RECORD EXTRACTS section start
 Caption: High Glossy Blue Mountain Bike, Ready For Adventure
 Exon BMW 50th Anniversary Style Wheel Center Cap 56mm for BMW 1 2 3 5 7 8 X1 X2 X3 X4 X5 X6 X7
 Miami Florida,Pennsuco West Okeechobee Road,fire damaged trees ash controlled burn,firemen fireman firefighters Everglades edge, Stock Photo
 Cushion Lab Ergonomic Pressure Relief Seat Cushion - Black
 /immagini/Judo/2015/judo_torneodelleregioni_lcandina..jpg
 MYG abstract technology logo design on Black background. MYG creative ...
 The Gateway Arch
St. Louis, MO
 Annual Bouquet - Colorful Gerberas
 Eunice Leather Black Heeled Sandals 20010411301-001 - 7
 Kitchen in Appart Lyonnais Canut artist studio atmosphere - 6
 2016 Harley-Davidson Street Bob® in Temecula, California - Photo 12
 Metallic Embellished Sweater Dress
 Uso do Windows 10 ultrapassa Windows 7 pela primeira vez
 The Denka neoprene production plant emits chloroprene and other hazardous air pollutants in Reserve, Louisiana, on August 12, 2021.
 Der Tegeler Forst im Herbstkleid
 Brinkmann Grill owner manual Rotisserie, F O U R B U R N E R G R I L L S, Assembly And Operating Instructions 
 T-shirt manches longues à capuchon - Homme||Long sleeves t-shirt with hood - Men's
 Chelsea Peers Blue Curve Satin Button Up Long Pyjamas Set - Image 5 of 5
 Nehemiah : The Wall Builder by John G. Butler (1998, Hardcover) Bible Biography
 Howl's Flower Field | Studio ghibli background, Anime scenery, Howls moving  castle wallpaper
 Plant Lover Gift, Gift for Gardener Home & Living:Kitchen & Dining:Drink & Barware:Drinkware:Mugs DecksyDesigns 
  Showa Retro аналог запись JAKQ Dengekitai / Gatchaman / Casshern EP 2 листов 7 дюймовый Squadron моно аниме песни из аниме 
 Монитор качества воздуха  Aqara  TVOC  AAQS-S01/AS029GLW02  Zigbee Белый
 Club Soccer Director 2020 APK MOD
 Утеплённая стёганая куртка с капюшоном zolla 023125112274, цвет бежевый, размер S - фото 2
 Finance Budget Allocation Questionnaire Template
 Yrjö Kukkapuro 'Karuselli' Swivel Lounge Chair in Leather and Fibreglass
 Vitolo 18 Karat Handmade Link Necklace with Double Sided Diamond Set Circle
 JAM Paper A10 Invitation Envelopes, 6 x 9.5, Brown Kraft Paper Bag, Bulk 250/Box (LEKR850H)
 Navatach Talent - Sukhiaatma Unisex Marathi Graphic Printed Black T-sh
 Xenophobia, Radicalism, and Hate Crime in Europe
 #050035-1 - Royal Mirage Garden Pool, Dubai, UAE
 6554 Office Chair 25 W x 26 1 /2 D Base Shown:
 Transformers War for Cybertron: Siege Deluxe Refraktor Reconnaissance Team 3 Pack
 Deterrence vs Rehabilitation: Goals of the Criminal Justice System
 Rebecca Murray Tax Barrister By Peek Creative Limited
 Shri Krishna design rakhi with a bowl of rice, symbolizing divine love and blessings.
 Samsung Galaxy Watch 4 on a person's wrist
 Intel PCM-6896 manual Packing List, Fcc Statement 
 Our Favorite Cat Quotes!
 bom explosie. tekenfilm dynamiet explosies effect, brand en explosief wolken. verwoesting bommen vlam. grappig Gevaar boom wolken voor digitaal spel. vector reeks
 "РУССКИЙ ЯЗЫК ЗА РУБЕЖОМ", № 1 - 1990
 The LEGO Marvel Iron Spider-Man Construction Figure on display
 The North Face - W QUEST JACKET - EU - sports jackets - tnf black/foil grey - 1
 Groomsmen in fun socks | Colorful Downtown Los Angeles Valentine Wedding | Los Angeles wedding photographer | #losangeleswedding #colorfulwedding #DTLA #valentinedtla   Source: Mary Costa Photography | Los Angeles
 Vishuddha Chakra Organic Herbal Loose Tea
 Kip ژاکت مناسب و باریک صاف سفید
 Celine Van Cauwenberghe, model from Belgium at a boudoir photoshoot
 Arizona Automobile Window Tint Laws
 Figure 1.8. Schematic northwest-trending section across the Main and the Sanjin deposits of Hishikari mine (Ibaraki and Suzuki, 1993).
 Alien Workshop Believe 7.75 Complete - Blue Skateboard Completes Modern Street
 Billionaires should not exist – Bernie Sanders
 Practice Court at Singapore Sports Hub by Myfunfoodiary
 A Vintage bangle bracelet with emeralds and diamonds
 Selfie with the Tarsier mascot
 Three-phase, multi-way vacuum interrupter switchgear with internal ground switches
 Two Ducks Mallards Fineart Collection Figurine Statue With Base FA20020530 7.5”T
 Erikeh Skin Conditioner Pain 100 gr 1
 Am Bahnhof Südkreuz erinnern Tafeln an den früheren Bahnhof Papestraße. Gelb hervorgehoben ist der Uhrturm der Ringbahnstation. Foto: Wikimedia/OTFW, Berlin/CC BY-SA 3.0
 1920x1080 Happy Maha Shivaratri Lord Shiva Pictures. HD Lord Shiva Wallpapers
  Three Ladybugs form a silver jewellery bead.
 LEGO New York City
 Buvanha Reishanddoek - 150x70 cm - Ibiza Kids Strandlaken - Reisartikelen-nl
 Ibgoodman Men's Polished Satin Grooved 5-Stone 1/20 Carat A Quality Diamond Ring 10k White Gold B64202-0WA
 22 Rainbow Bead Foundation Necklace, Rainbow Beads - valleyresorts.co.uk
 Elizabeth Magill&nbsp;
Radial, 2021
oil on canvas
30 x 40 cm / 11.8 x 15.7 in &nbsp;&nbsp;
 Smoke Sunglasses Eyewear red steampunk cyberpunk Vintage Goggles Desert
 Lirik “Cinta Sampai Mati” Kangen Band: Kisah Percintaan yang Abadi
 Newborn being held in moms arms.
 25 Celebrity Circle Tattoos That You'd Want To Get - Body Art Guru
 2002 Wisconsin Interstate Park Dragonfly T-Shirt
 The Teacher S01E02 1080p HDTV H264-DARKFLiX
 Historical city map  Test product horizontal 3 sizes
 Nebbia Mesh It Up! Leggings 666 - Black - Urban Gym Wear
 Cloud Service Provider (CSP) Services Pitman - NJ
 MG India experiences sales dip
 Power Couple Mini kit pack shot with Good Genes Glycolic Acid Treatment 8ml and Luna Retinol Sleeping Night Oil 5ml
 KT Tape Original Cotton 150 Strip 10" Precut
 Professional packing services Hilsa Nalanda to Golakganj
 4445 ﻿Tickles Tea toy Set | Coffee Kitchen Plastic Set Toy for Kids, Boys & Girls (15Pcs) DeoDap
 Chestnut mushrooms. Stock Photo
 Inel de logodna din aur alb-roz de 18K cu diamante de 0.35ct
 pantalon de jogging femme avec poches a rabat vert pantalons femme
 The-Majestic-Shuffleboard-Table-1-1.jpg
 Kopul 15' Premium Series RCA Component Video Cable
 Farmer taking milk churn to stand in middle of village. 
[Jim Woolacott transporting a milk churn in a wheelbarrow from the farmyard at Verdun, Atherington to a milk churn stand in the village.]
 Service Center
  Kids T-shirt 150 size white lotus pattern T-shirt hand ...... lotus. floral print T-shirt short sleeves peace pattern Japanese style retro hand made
RECORD EXTRACTS section end
PROMPT :: The lines holding the word "Center" are the answer. Pull them out of the records and copy them.

REPLY TO THE EXERCISE ::
 Exon BMW 50th Anniversary Style Wheel Center Cap 56mm for BMW 1 2 3 5 7 8 X1 X2 X3 X4 X5 X6 X7
 Service Center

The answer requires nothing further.